Source material:
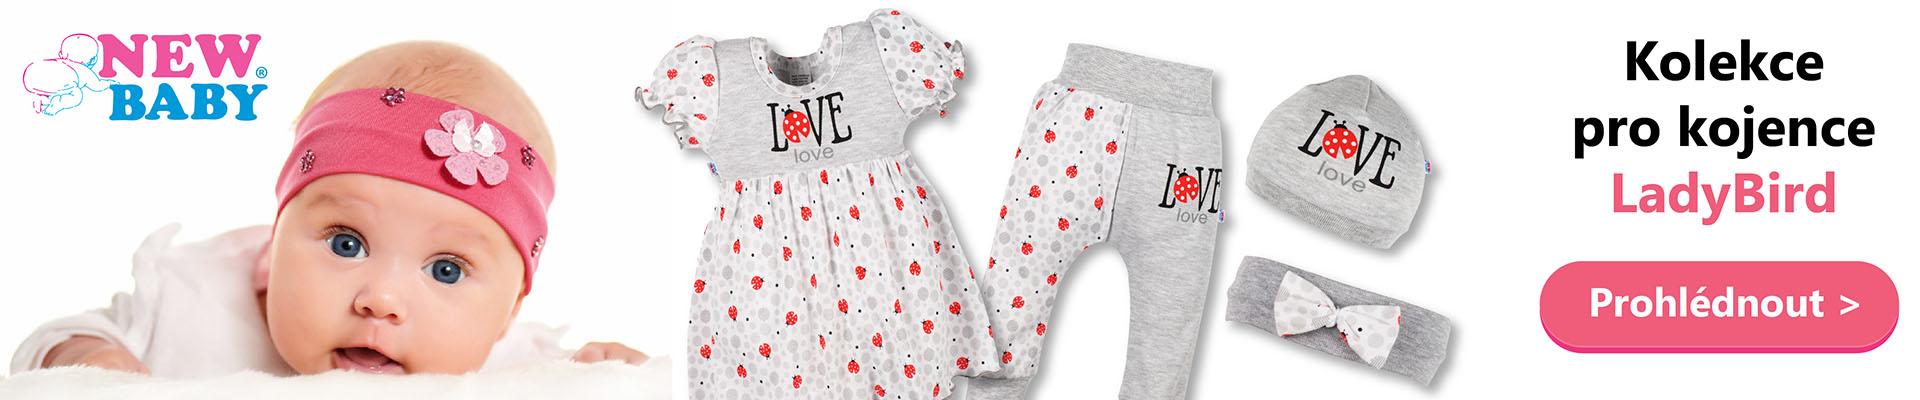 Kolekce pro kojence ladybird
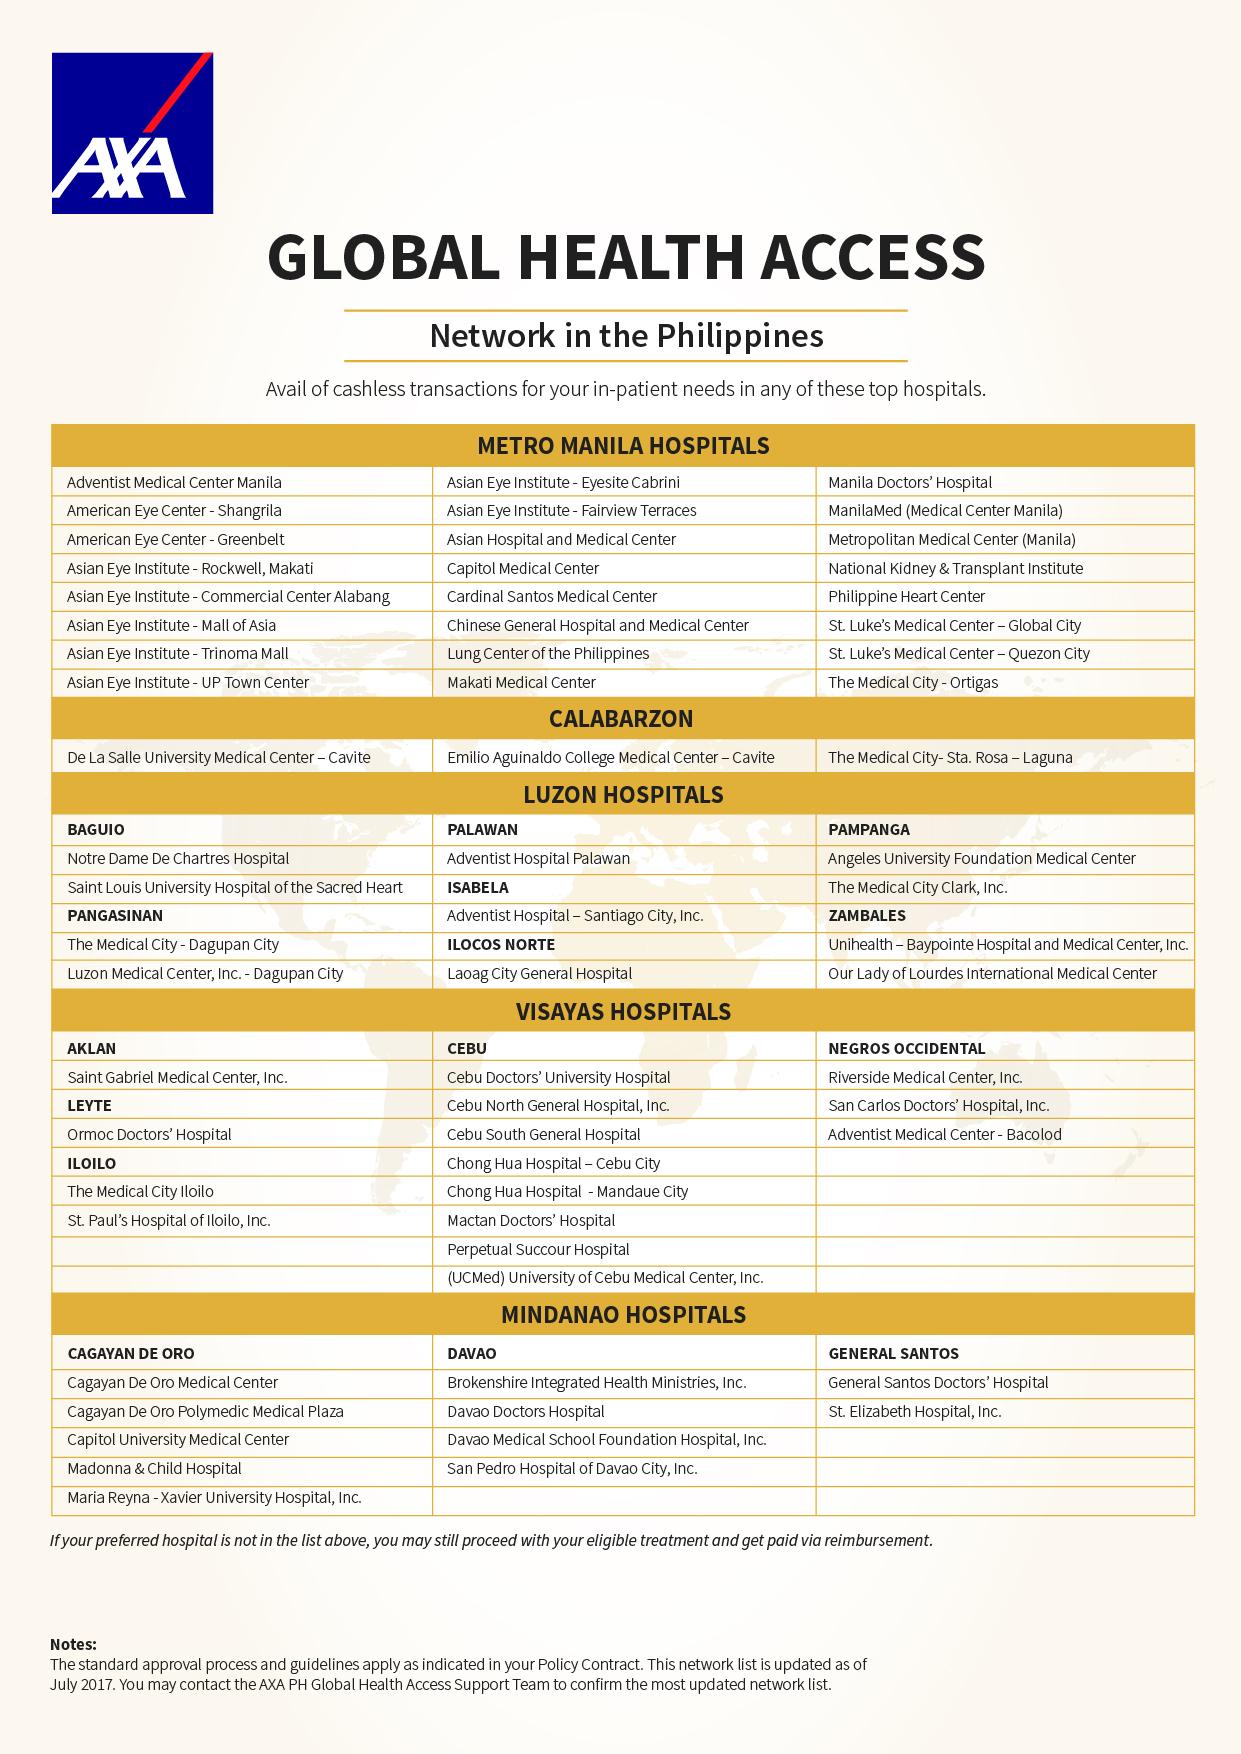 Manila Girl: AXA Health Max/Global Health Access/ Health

==

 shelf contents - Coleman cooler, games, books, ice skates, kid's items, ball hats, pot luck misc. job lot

...

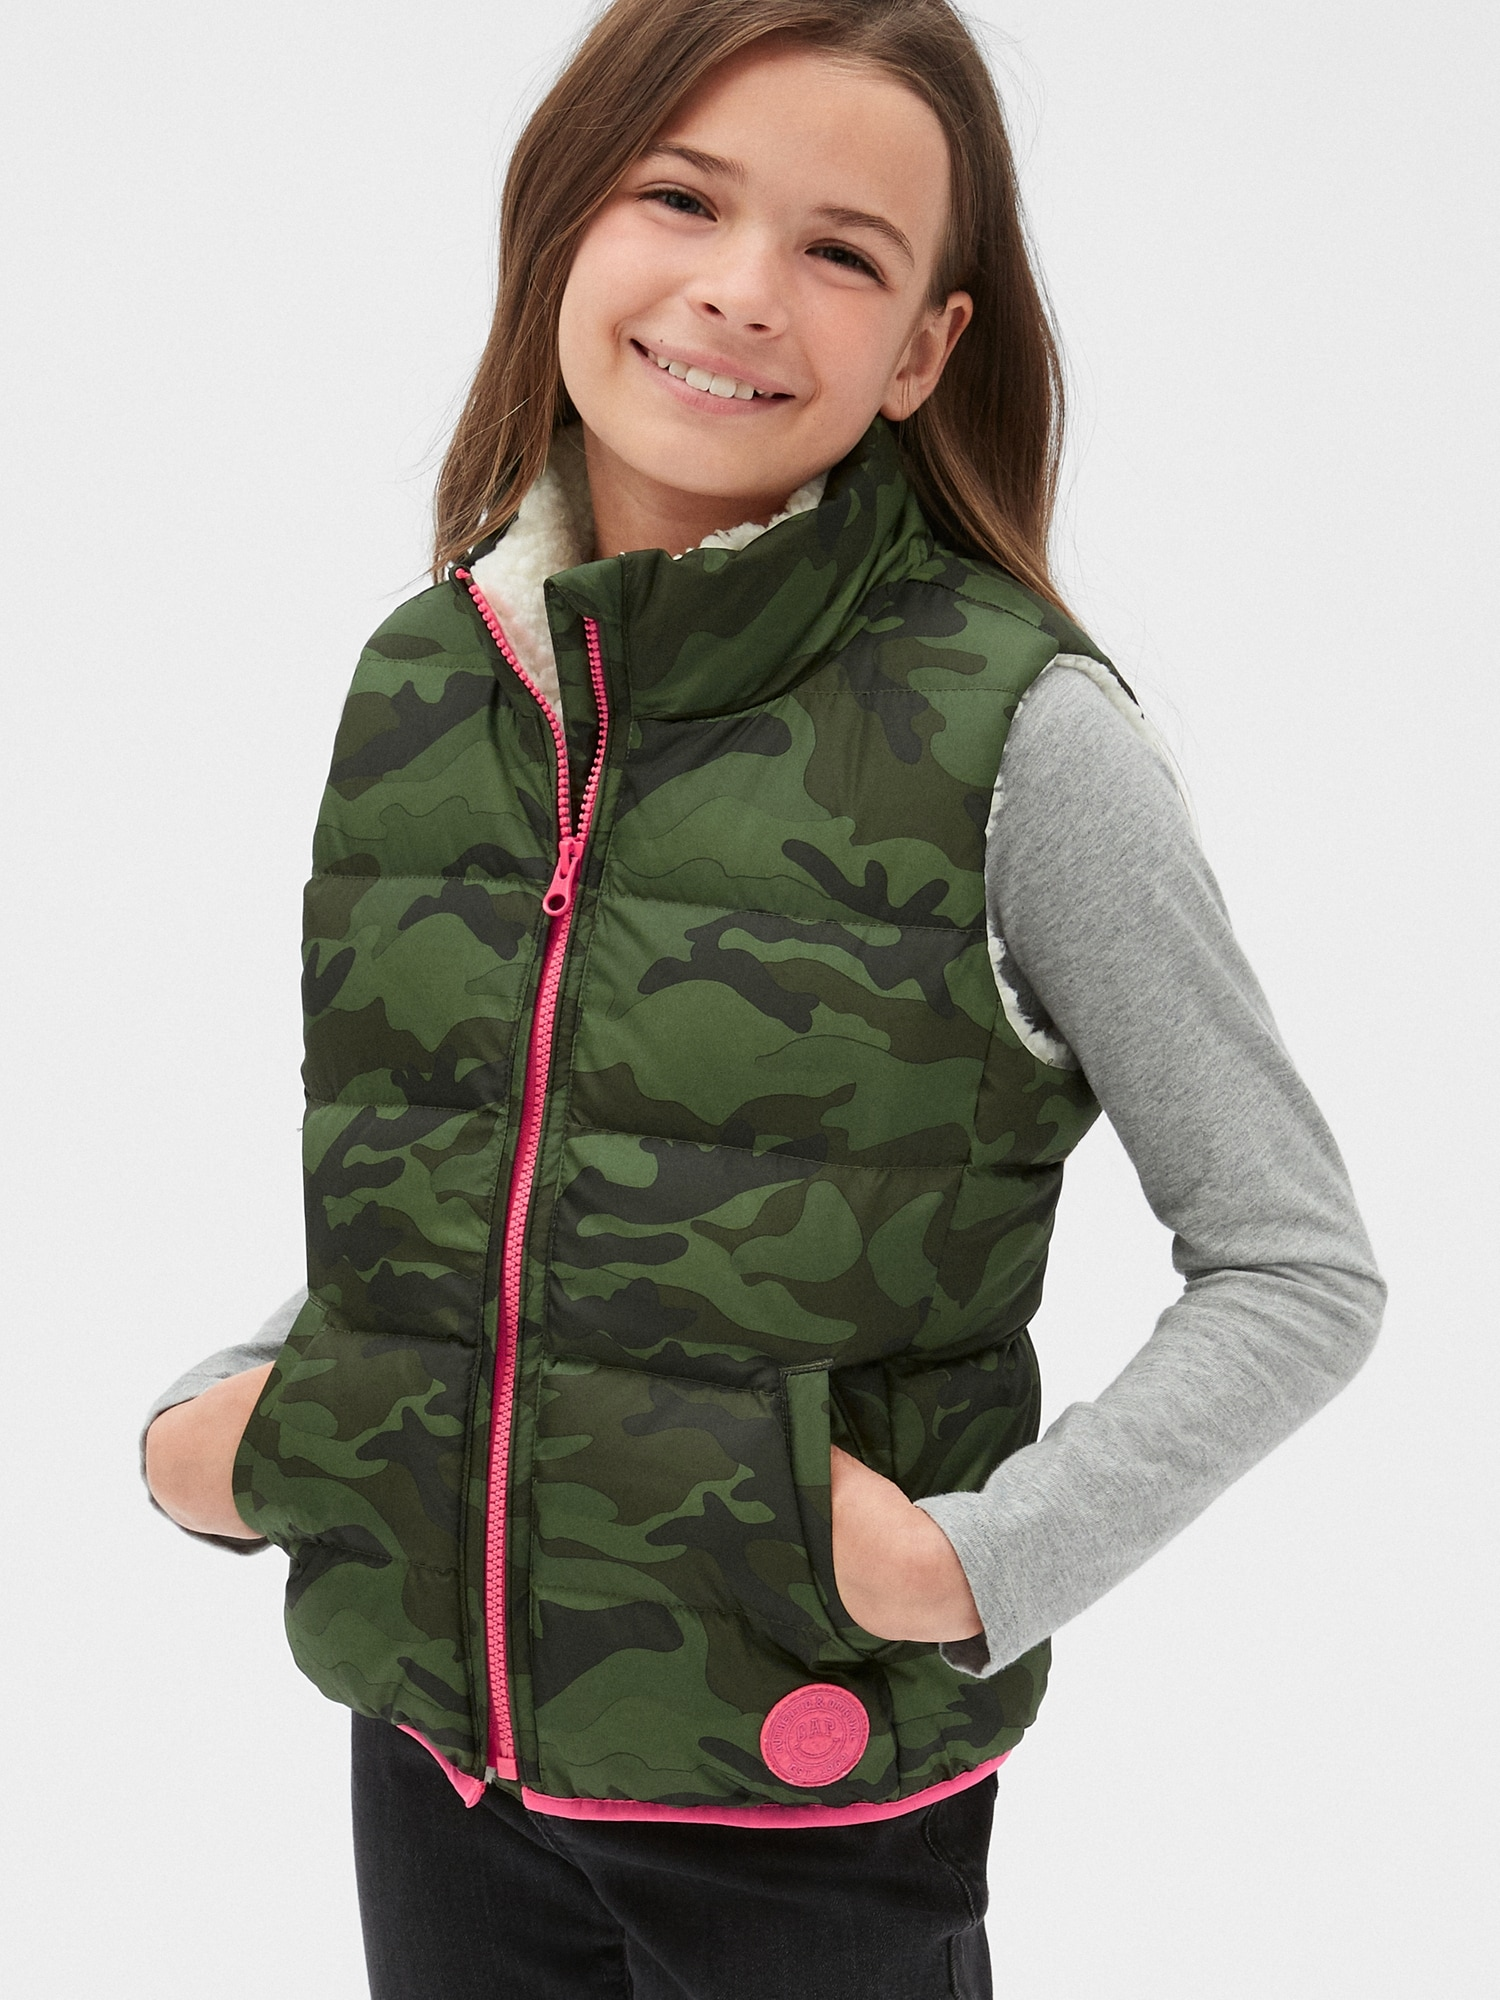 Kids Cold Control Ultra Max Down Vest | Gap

Exercise goal: Would you transcribe the lines above exactly, going from the line bearing "Kolekce pro kojence ladybird" through the line bearing "Manila Girl: AXA", and drop the pictures from the copy?

Answer below:
 Kolekce pro kojence ladybird
 Manila Girl: AXA Health Max/Global Health Access/ Health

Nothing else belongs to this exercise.